Our relationship is like that beach boys song "help me Rhonda" and I'm fucking Rhonda. And Rhondas's the whore in case you've never heard it.
Can you imagine it being physically possible any other way unless the cows are unnaturally flexible
I know I should be focused on nurturing their bright little minds but it's 10 a.m. and I need a cock in my mouth
I should have considered my snorting capabilities before breaking my nose
All I can remember is being told by a guy named Kyle to stay in the corner until the cops left. Then waking up on a porch outlined in beer cans 8 blocks from my house. Pregaming for college.
No, you don't understand. If the words "stop," "alcohol poisoning," and "regret" aren't in the same sentence by the end of the night, I will have failed this birthday.

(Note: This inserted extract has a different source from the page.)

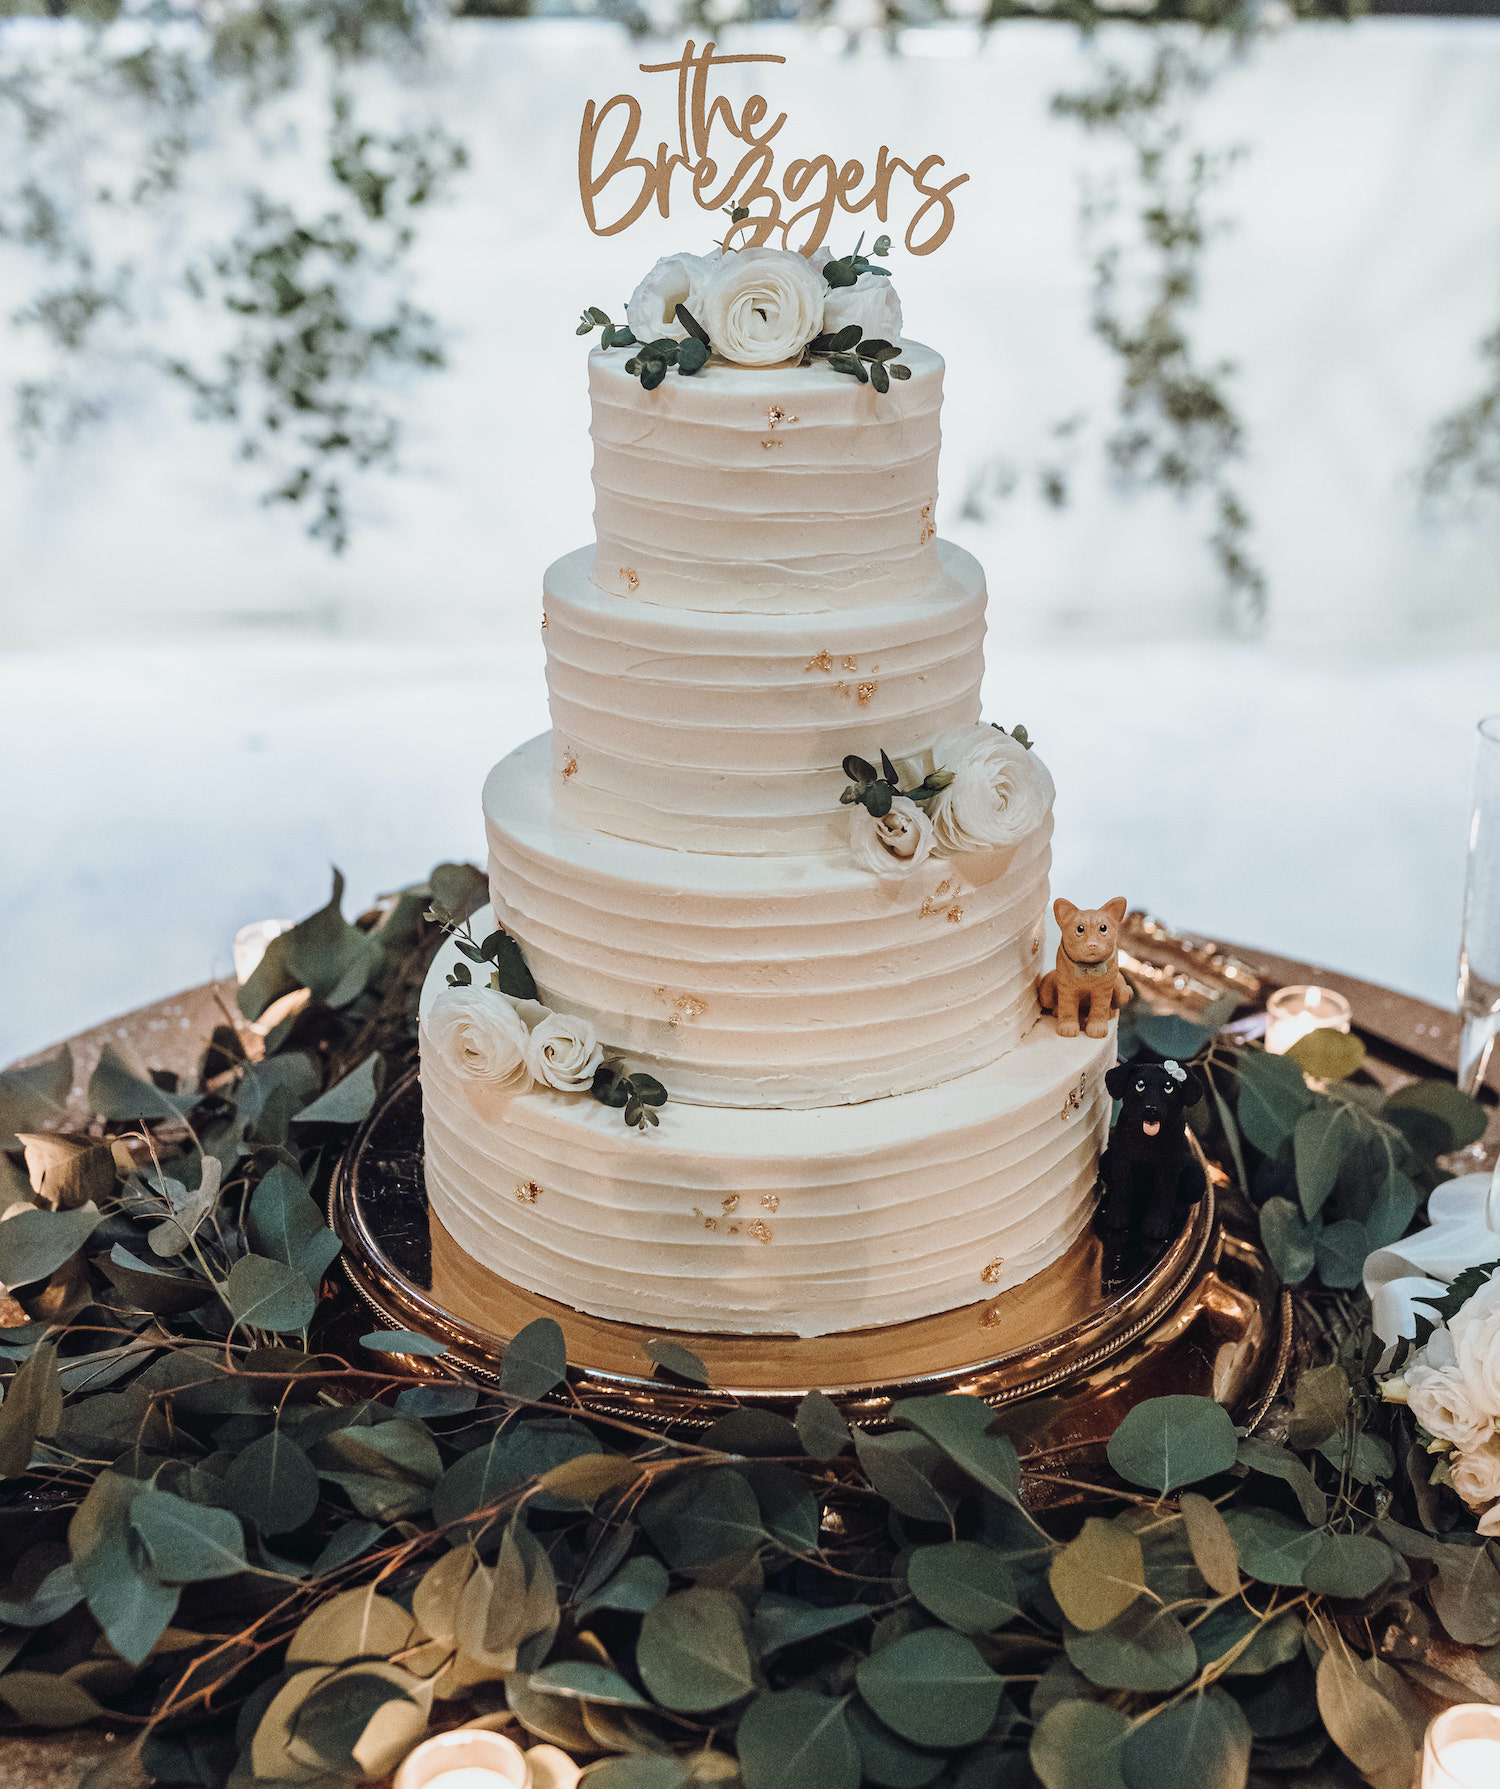 A four tiered white wedding cake sits in the center of eucalyptus leaves and has white Ranunculus flowers on it.

I mean there is a rehab there so its gotta be a good time
I'm so excited for post-beer fest chipotle. It will be better than scared shitless pre-go karting chipotle.
he wouldnt let me in bed until i took off all the stickers i was covered in
He took me home and by the time I woke up after catching up on sleep I realized I accidentally put on one of his fiances socks. whoops.
It must have been good head...he put down the Xbox controller
Just because you are home alone for the weekend doesn't mean you can act like a nudist.
I accept your opinion but respectfully disagree. Also, I'm sitting in your chair.
People like you and me aren't meant to go this long without having sex
my near death experience doubled as my sexual awakening
Do not let Mike show you his naughty Santa Claus outfit. It's a super long beard and crotchless pants.